難しい学問をして修行しなかったらだめだって言われたら、
とても、現代社会に生きながら、
お浄土の世界につながるなんていうことは、できないでしょう。
また、イエスの教えがなければ、
ユダヤ教のガチガチの不自由な世界に生きることになる。
ガチガチのユダヤ教の女性なんかは大変ですよ。
生理の時は隔離されたりとかね。
イエスは、そういうのは、全部必要ないと説かれたんです。
人間のために戒律があるのであって、戒律のために人間があるのではない、と。
本文には、さらに以下のように書いてあります。
「せっかく人間として生まれ、
存在の根源が浄土であることを聞き、
無限の喜びにつながる念仏という道がありながら、
それを無視して、「瞑想します」とか、「空です」とか、
色んな邪道に行く人達がいる。
そういう人たちは、目や耳がない人たちであって、
せっかくそういう機会を頂いても、目を閉じてしまって、
せっかくそういう繋がれる道があっても聞こう(歩もう)としない。」
お釈迦様は、お経の中で言っています。
「こんなにいいことがあるからね。

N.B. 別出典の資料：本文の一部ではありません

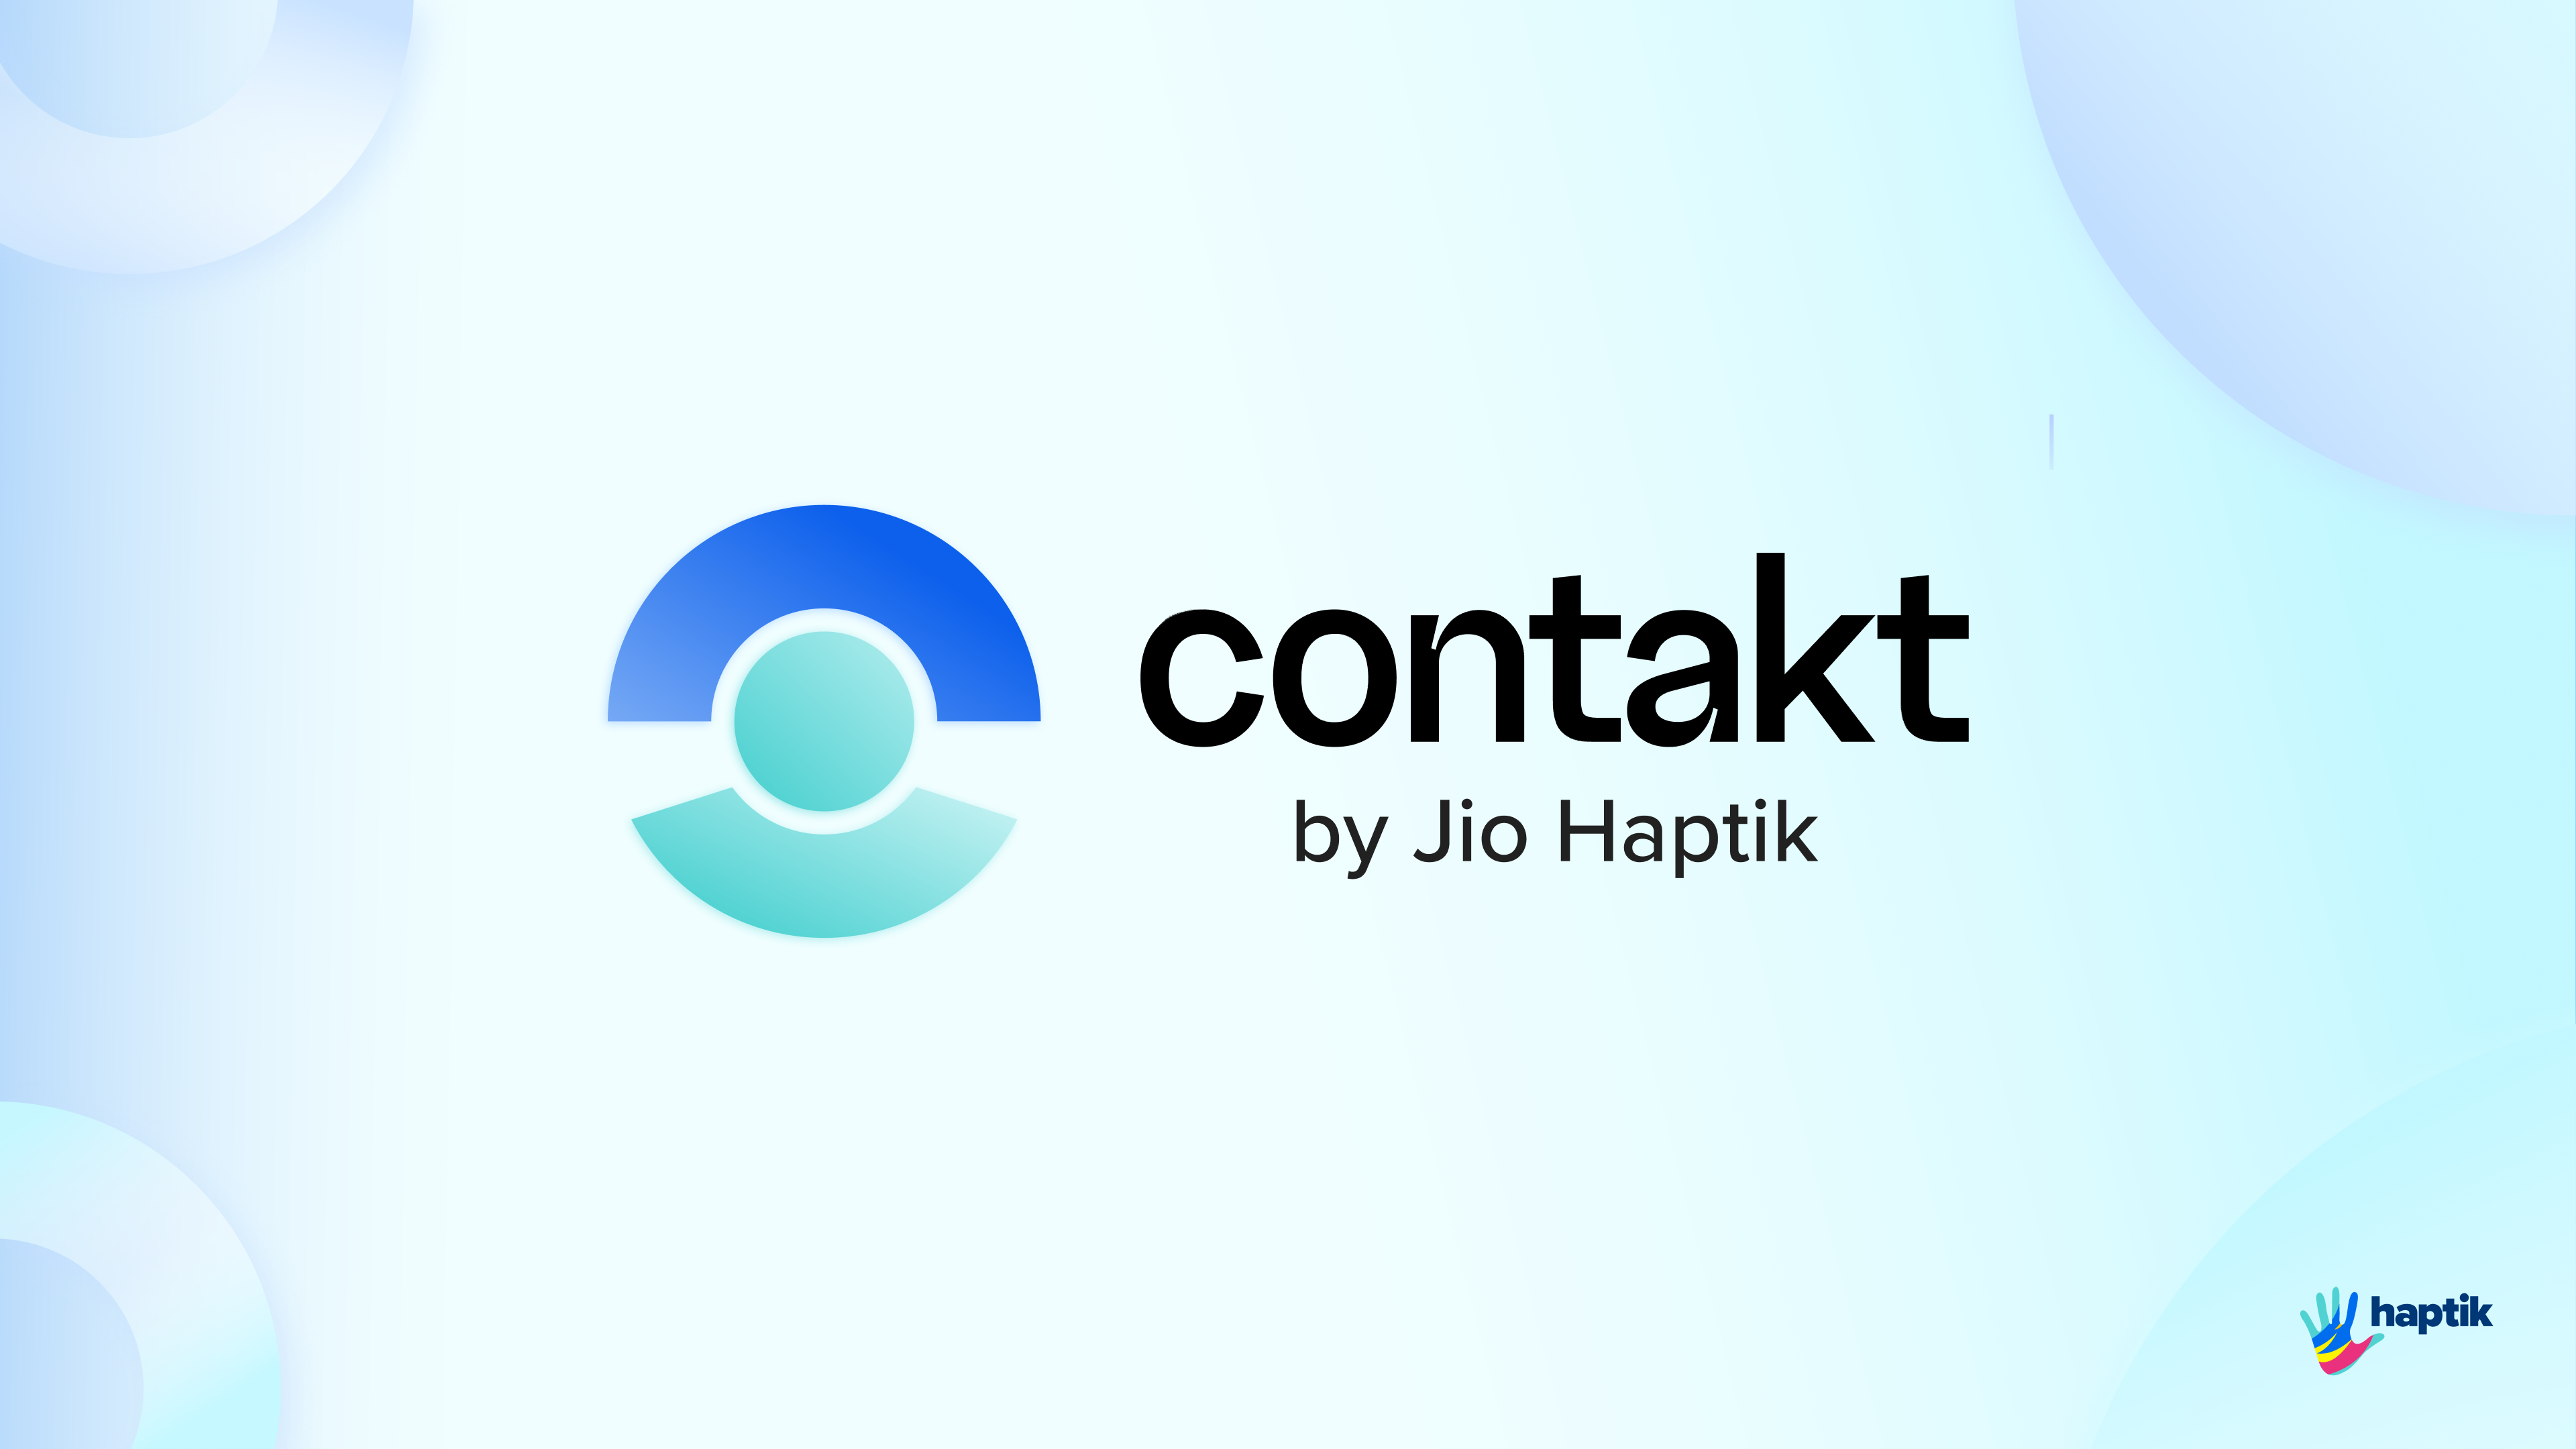 Introducing Contakt: Welcoming a New Era in Customer Experience with  Generative AI

だから私は、これを言わざるをえない。
どうにかして、こんなに良いこと(如来の大愛=お浄土)を頂いて欲しい」と。
もし今回の人生で信じることができるなら、
まさに願いを起こして、お浄土という根源の世界に生きるようにしようじゃないか」
お釈迦様は、阿弥陀経の中で、そうおっしゃってるんですね。
お釈迦様が、ほんとうに丁寧にこうまで言われるのだから、
私たちは、ただ仰いでそれを信じるしかない。
「自分の今の境地で推し量れることなんて、たかが知れている」
そう謙虚に思い知ることさえできれば、良いのですけどね。
「“こういう世界がある”ことを聞ける縁が、せっかくありながら、なぜ拒むのか?」
、とも書いてあります。
きっと胸が痛くなるほど、
人には、根源たる浄土の世界につながって欲しいって、そう願っているんでしょうねぇ、、、。
縁がなかったら、法に、こうした道に触れる機会はないですからねぇ、、、。